## Work order
In the entries below, repeat only the lines between those holding "ポジティブ貼り直す判定発毛抑" and "Porsche-356-c-v1-3500-3500", inclusive. Leave pictures out.

## Material shown
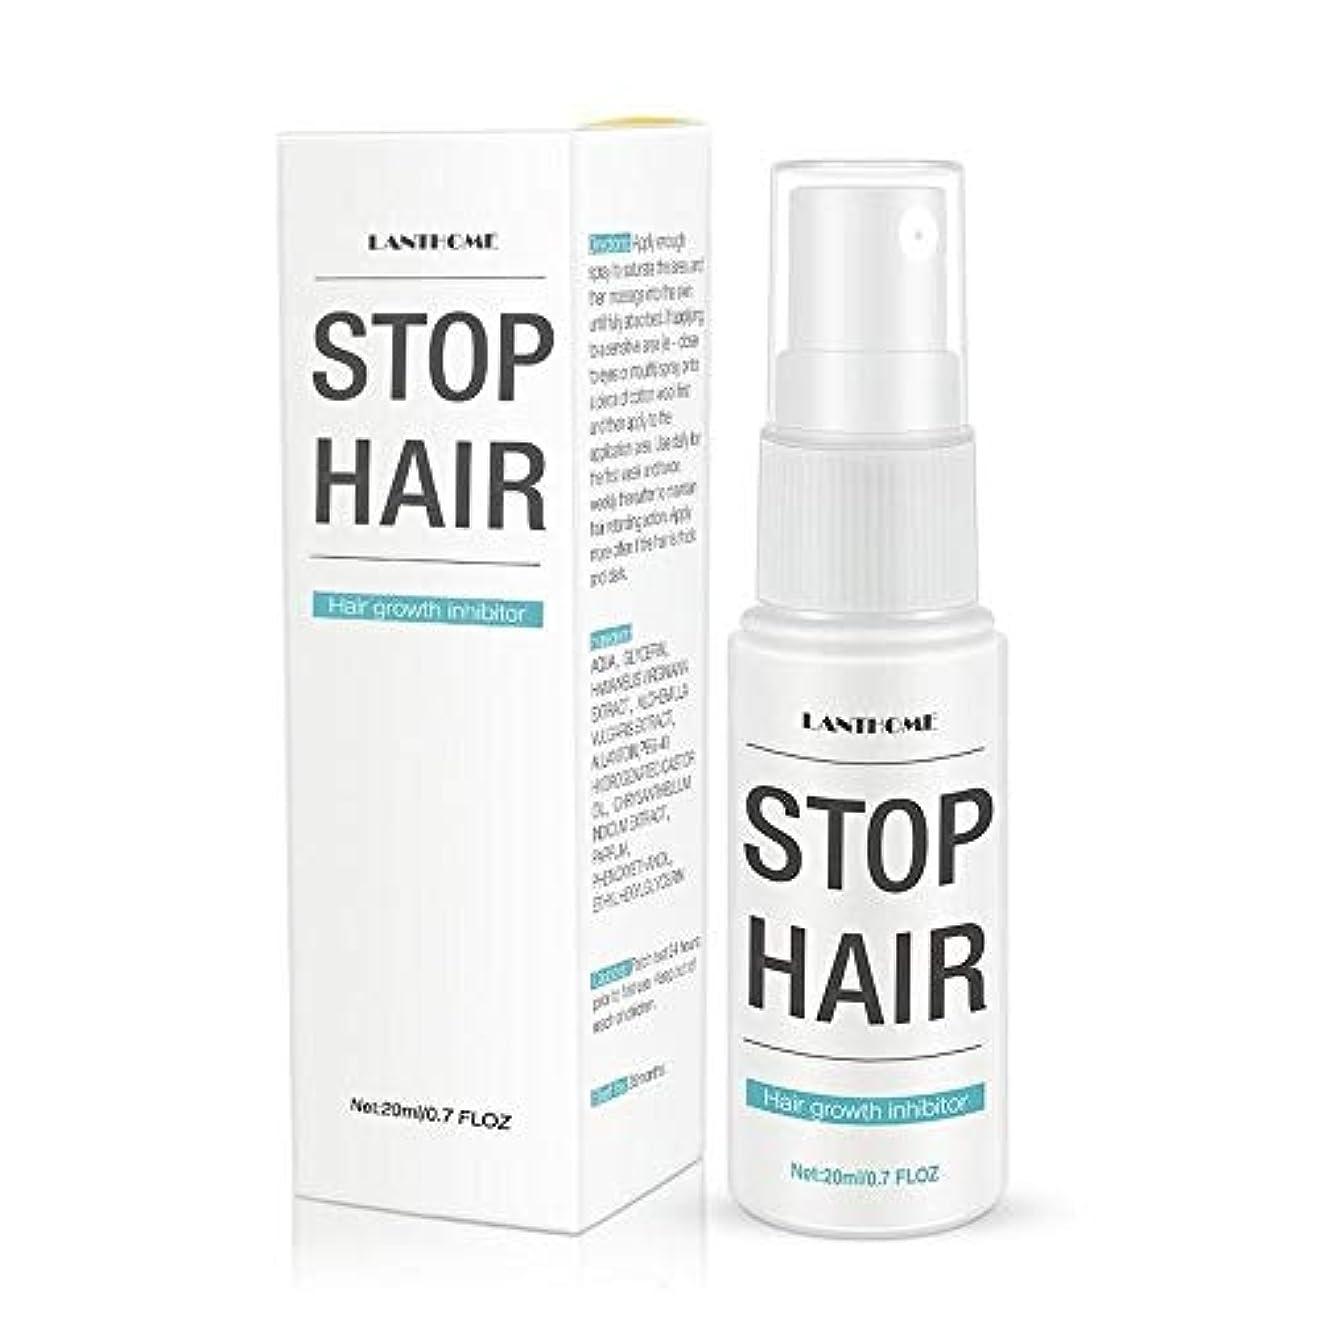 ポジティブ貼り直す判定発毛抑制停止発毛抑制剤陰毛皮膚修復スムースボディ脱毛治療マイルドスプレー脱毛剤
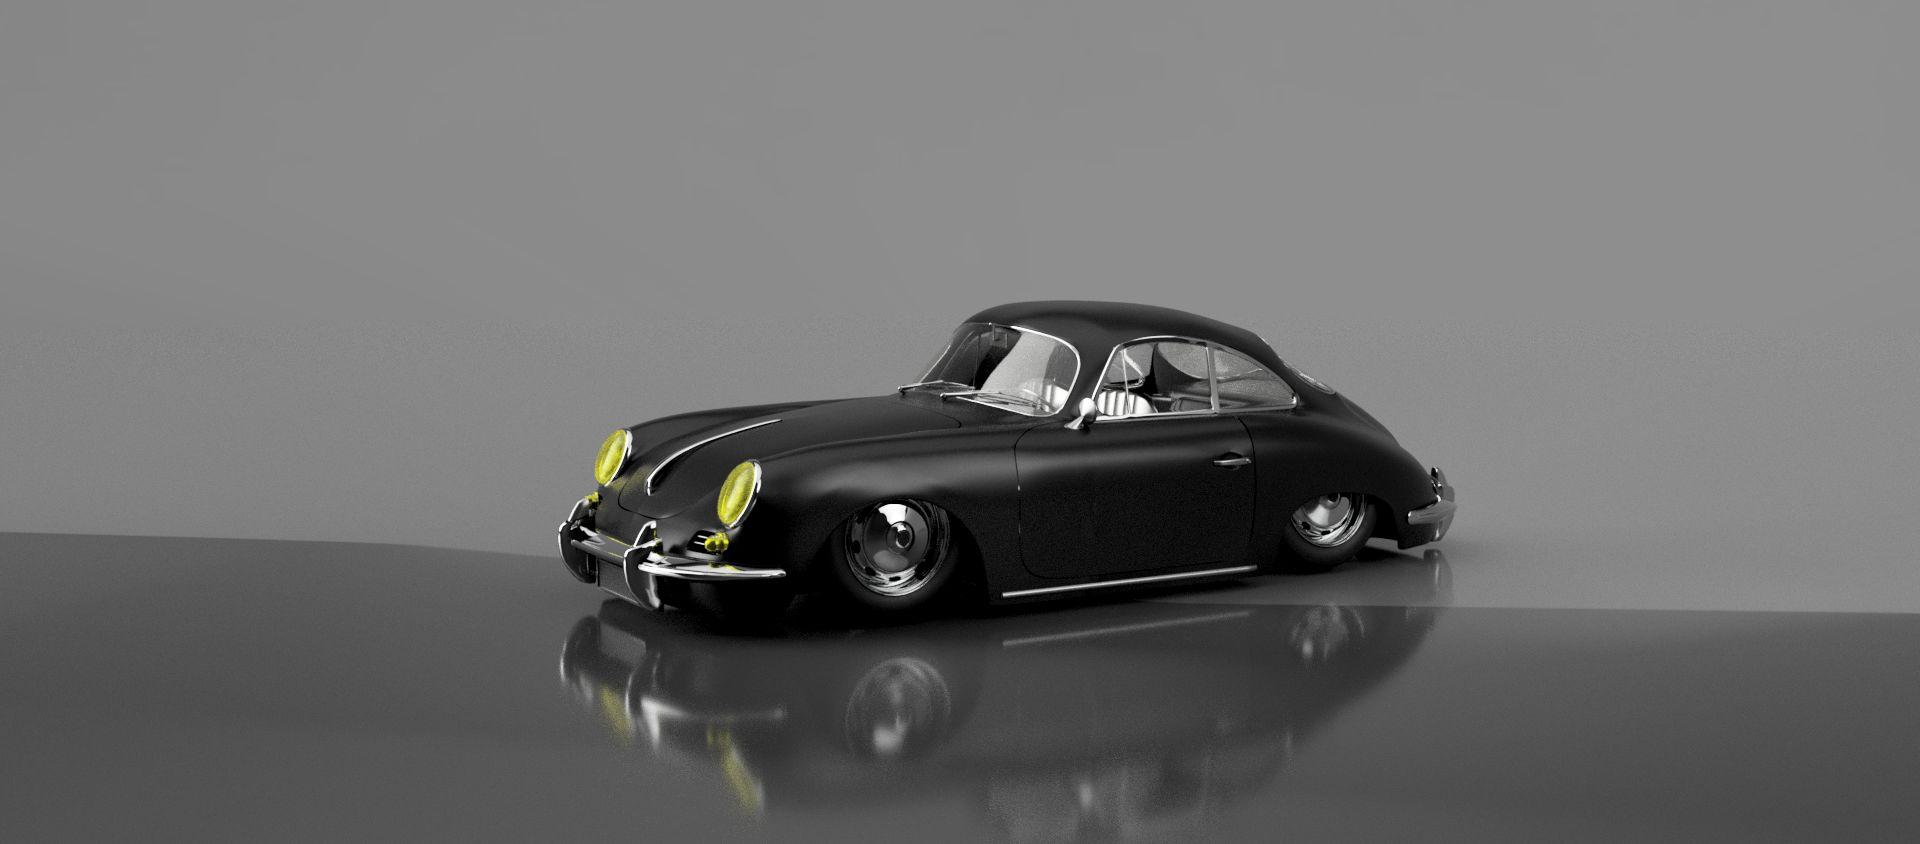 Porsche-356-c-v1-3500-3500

* * *

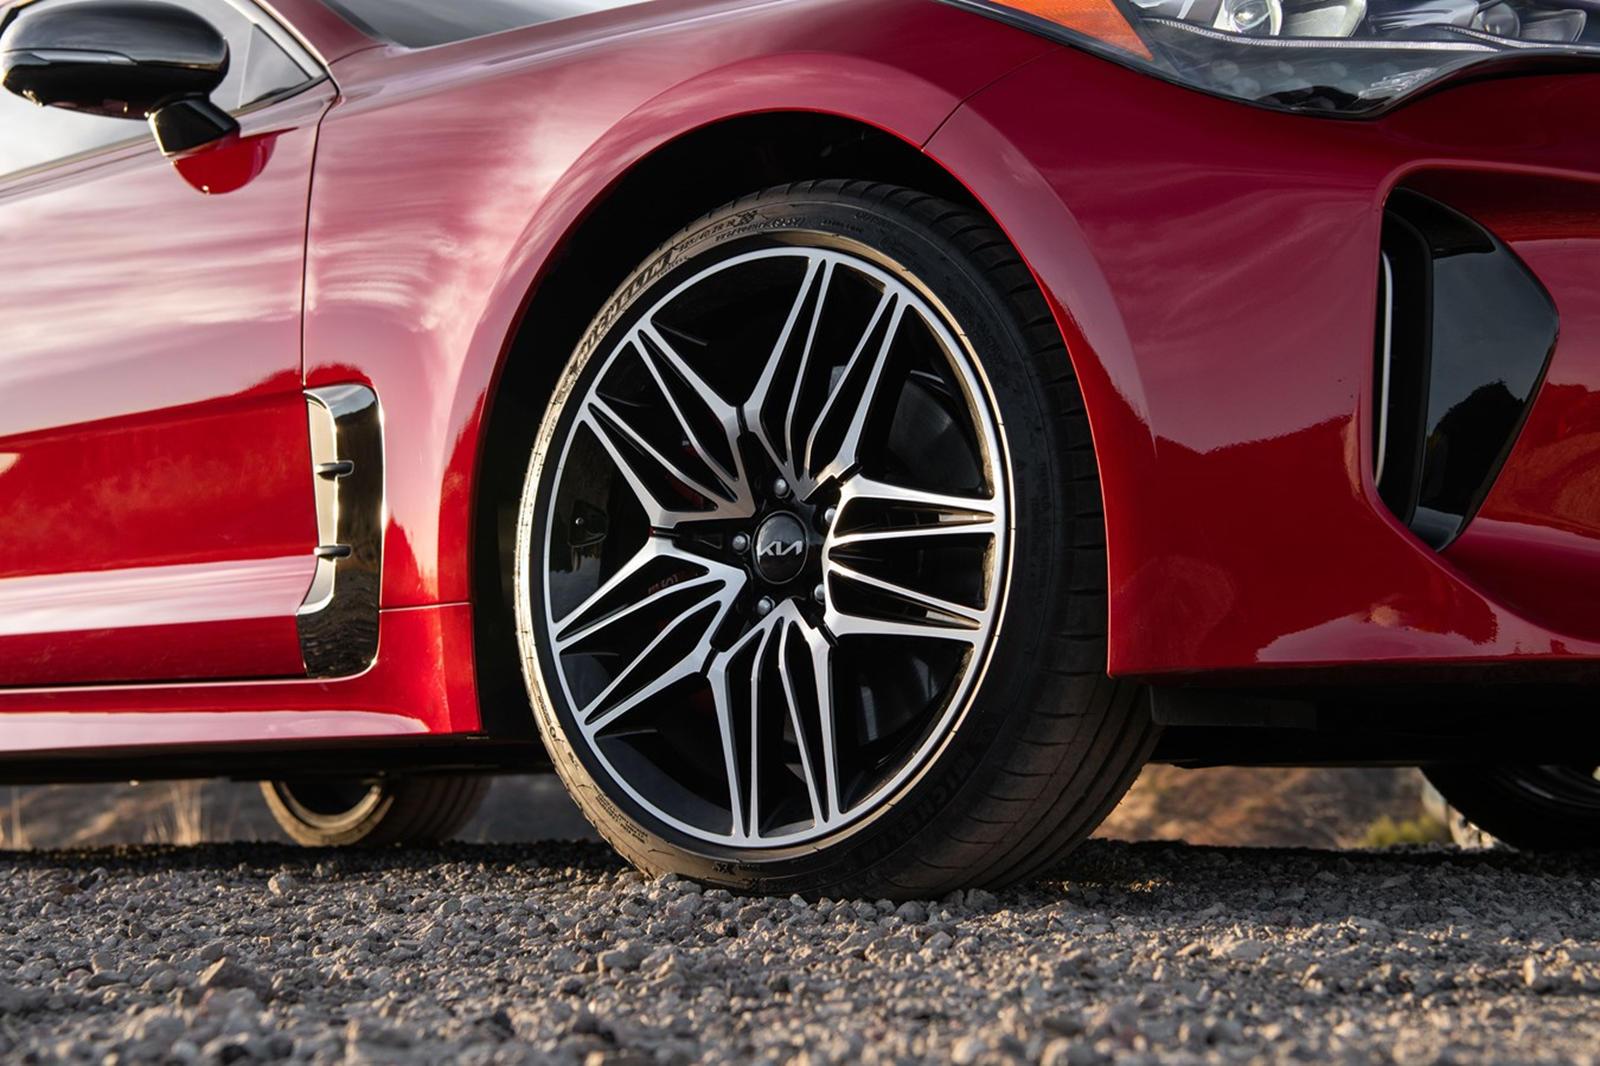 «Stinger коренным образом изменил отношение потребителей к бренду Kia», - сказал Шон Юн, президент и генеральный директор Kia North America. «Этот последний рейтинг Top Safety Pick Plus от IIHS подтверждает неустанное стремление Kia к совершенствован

## Your response
 ポジティブ貼り直す判定発毛抑制停止発毛抑制剤陰毛皮膚修復スムースボディ脱毛治療マイルドスプレー脱毛剤
 Porsche-356-c-v1-3500-3500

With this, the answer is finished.